Рассказы
Опубликовано в журнале Дружба Народов, номер 11, 2023
Заборцева Варвара Ильинична — поэт, прозаик. Родилась в 1999 году в посёлке Пинега Архангельской области. Окончила Академию художеств имени Ильи Репина (факультет теории и истории искусств). Печаталась в журналах «Юность», «Звезда», «Новый мир» и других. Участница проектов СЭИП и АСПИР. Лауреат литературных конкурсов, в т.ч. литературной премии «Лицей» (2023). Живёт в Санкт-Петербурге.
Предыдущая публикация в «ДН» — 2023, № 9.
Куда поднимается дым
До Рождества оставалось всего ничего.
Мы с сестрой переделали все дела, что только смогли придумать. Пирог состряпали, конфет под ёлкой поели. Принесли по охапке дров и даже подрядили Марью, кошку нашу, их сторожить. Поленья дельненько так сложили под стулом у печи, а её сверху посадили. Кошка и рада, тепло любит. Пускай сторожит, мышей у нас всё равно не водится. А сами бегом до лесных озёр, веток еловых набрать. До чего же пахучие. Хорошо будет в доме.
Да только угораздило нас на дым засмотреться. Дружно топятся печи над нашим угором. Холода стоят что надо, рождественские. А мы про мороз и думушки не думаем. Аж валенки примерзают, а мы все глаза по-над крышей оставили. Сестре говорю:
— Шура, гляди! До чего цветной дым! Ты видишь?
— Вижу-вижу. Никакой он не серый, оказывается…
— Да-да, ты гляди, Шура! У самой трубы дым тёмно-синий, потом серый сголуба, а окончанье даже с розовинкой, аж с небом сливается, видишь?
— Вижу-вижу я. Мне вот другое покоя не даёт…
— Что такое?
— Можешь ли ты разглядеть, куда поднимается дым? — спросила Шура очень солидным голосом. Я даже растерялась.
— Как куда… это… на небо, конечно!
— Ага, ещё скажи, в облака превращается.
— А что, похожи они!
— Ой, до чего ты простая. Кто ж на похожести научные теории строит. Не, тут дело серьёзное…

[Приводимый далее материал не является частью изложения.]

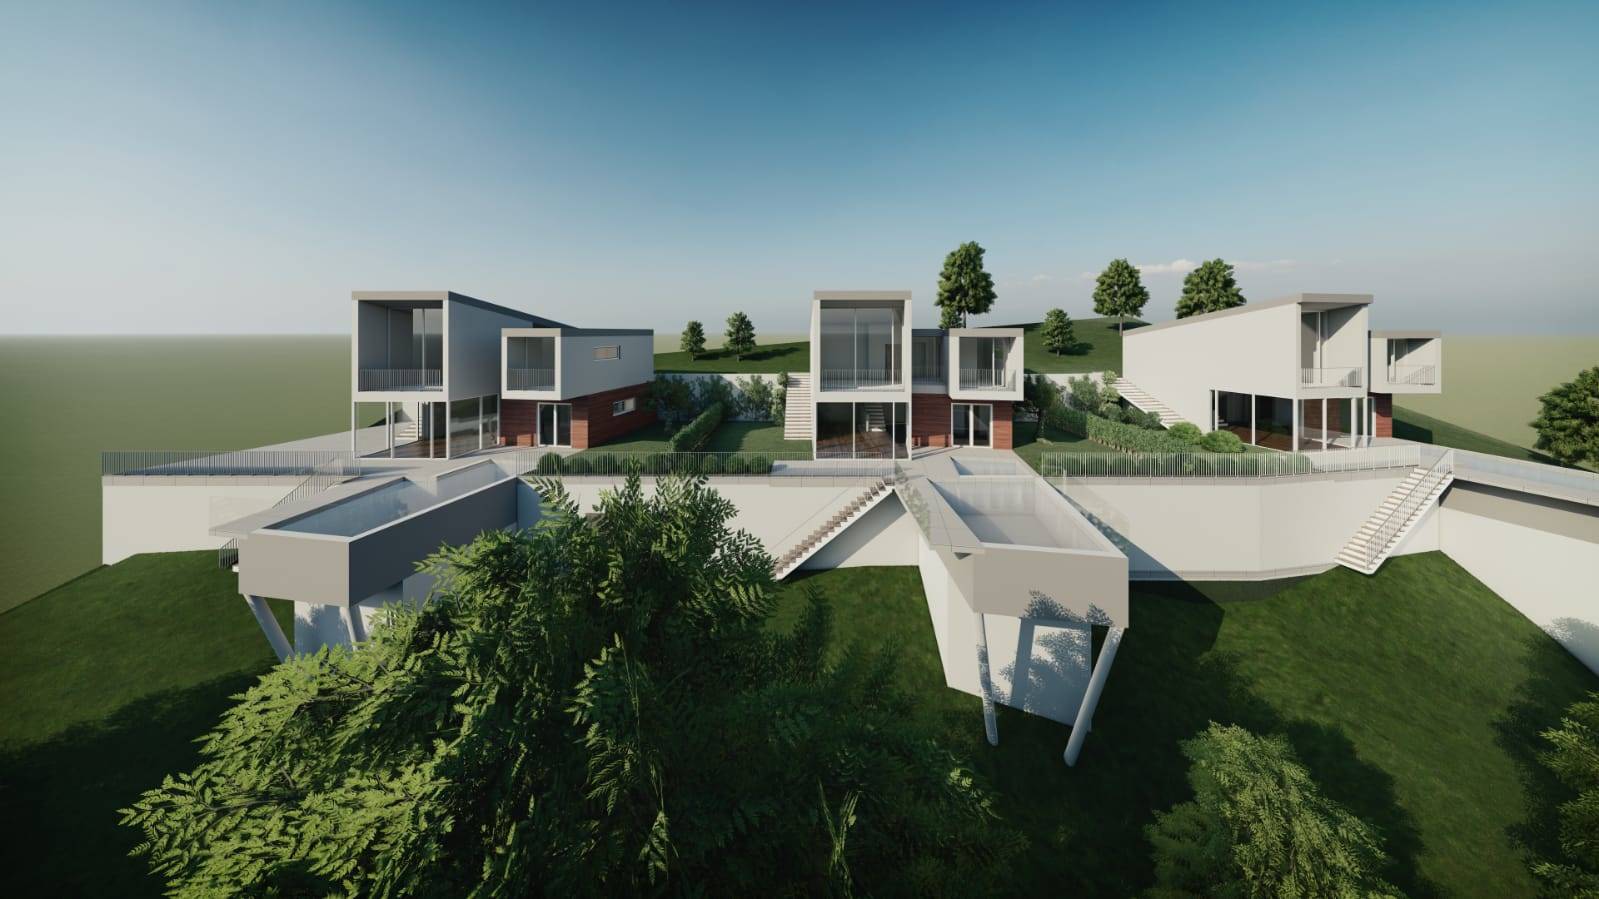 Proponiamo a Soiano del Lago nuove ville moderne con piscina con consegna prevista entro fine 2022 in una lottizzazione di tre unità. Le ville sono 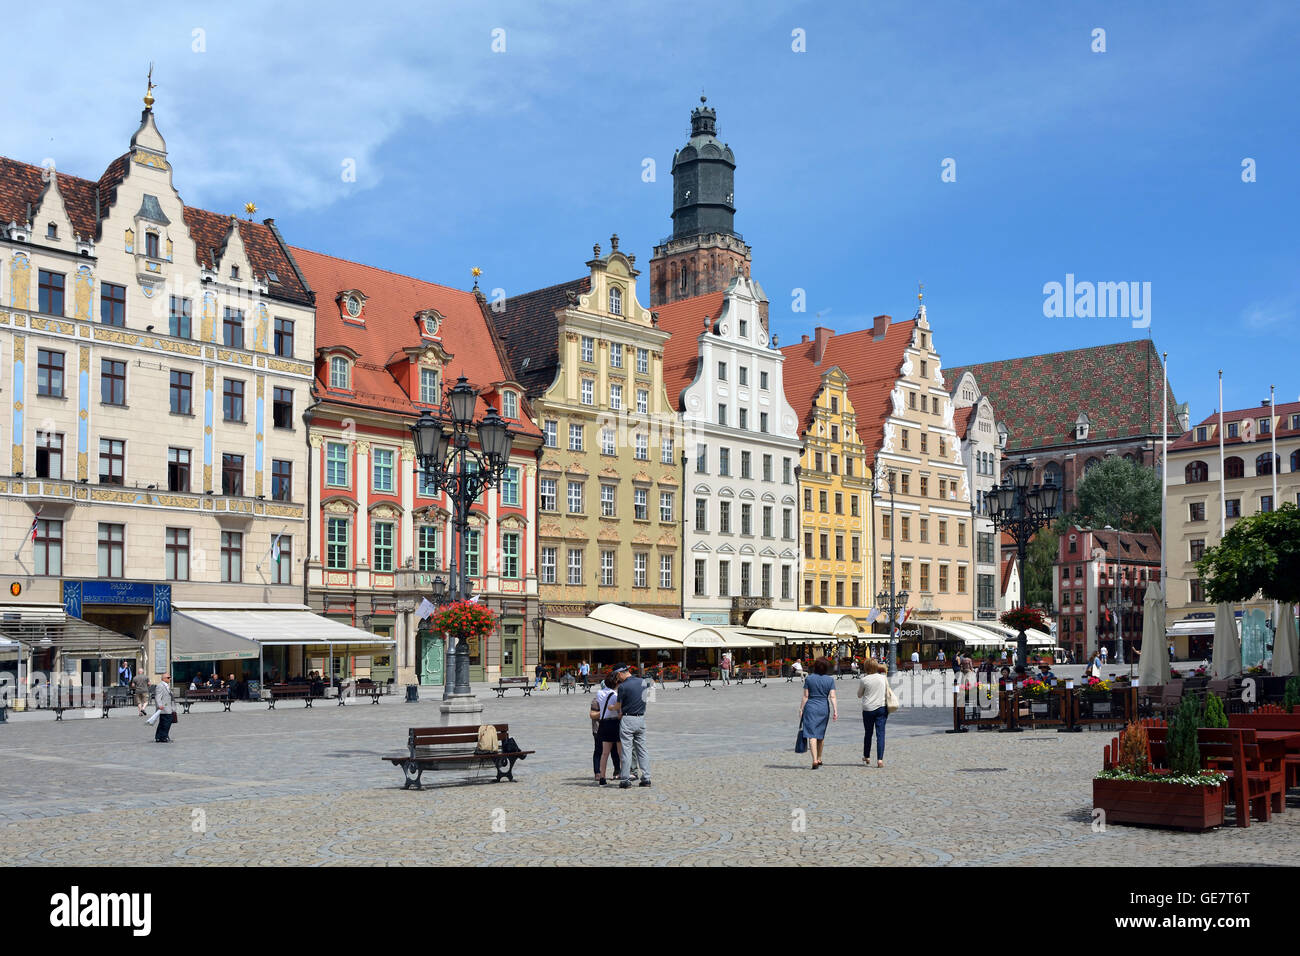 Marktplatz in der Altstadt von Breslau - Polen. Stockfoto

Потом я малёха подумала, не сморожу ли опять какую-то глупость, но не стерпела:
— Дым не уходит бесследно… правда же? Наша бабушка, тётя Зина, дед Никанор да и все на угоре от всей души печи топят. Не может же всё тепло домашнее вот так… без следа рассеяться…
— Тоже так думаю.
Ой, как мне радостно было от этих слов! Сестра у меня умная, значит, и я что-то соображаю. Я на радости разошлась:
— Слушай, а если забраться наверх и самим проверить, куда уходит наш дым?
— Ага, ага, конечно. Верхом сядем на дым и помчимся с проверкой. Так, что ли?
— Ну да, именно так!
— Ага, а на крышу на метле полетим.
— Да ну, что мы, колдуньи какие? Мы сугроб нароем до самой крыши. Снега — хоть до неба ступеньки городи!
Наверное, потом я сказала что-то очень убедительное. Через минуту мы уже строили снежную лестницу до самой крыши. Ясное дело, у задней стены дома, где нет окон. Если бабушка заметит, плану конец.
А план был такой. Заходим погреться. Заметно так ходим-бродим по дому, чтобы бабушка не подумала, что мы весь день на морозе шастаем. Между делом находим верёвку и дедушкину сеть. Как только бабушка соберётся печь затоплять, мы скорее на крышу. Привязываем к сети верёвку с обеих сторон, чтобы нам схватиться. Кидаем сеть на дымное облако, что поупитаннее. И дело за малым: держаться изо всех сил.
Не утерпели, вышли чуток заранее. Тишина на угоре — аж небо хрустит. И мурлычет почему-то…
— Шура, ты слышишь?
Прислушались, плач из трубы идёт. Марьин голос в печи! Только этой беды не хватало.
Марья наша больно ответственной оказалась. Велели дрова сторожить — она и сторожит. Дрова в печь — и она за ними. В тёмной печи разве приметишь чёрную кошку. Бабушка дрова сложила, да, видно, отвлеклась. Захлопнула печь и, видно, снова отвлеклась. Вот и сидит Марья в темнице.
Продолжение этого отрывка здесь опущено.